Future-Proofing Your Auto Insurance Risk Analysis Modeling - Get the Whitepaper


The automotive industry is running parallel races toward fully electrified and fully autonomous vehicles, and both races have a deceptively close finish line. EVs will become the norm within 10 years due to a combination of government legislation and manufacturer mandates – Progressive estimates that EVs could comprise 40% of car sales by 2030. Vehicle autonomy, meanwhile, remains a top priority for OEMs as well, with the market projected to reach $200 billion by the end of the decade.
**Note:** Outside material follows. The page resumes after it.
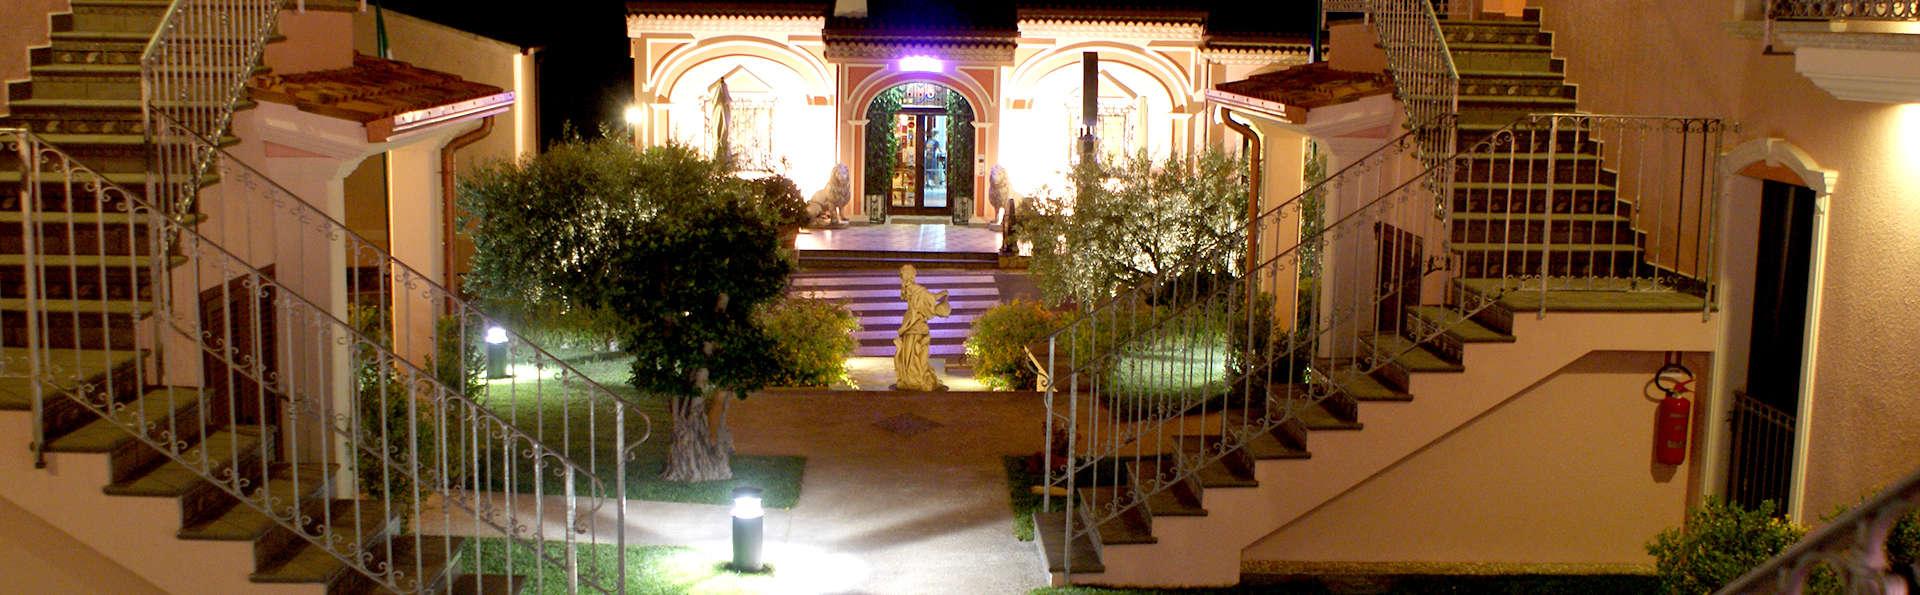 Hotel Ristorante Borgo La Tana - Edit_entry2.jpg

Mercedes-Benz is already certified for Level 3 autonomy, a standard that encompasses conditional hands-free driving, suggesting that Level 5 (totally automated driving) is a feasible goal for automakers more quickly than initially anticipated.

The technology involved in developing electrified, autonomous vehicles will not be universal; each feature package will have its own unique benefits, drawbacks, and relationship to road conditions and driver capabilities. Consequently, auto insurers cannot treat “ADAS” or “EV” as monolithic or even loosely segmented variables in their risk analysis; all levels of the organization must have a comprehensive understanding of their car’s technology stack to maintain a balanced risk-to-rate ratio.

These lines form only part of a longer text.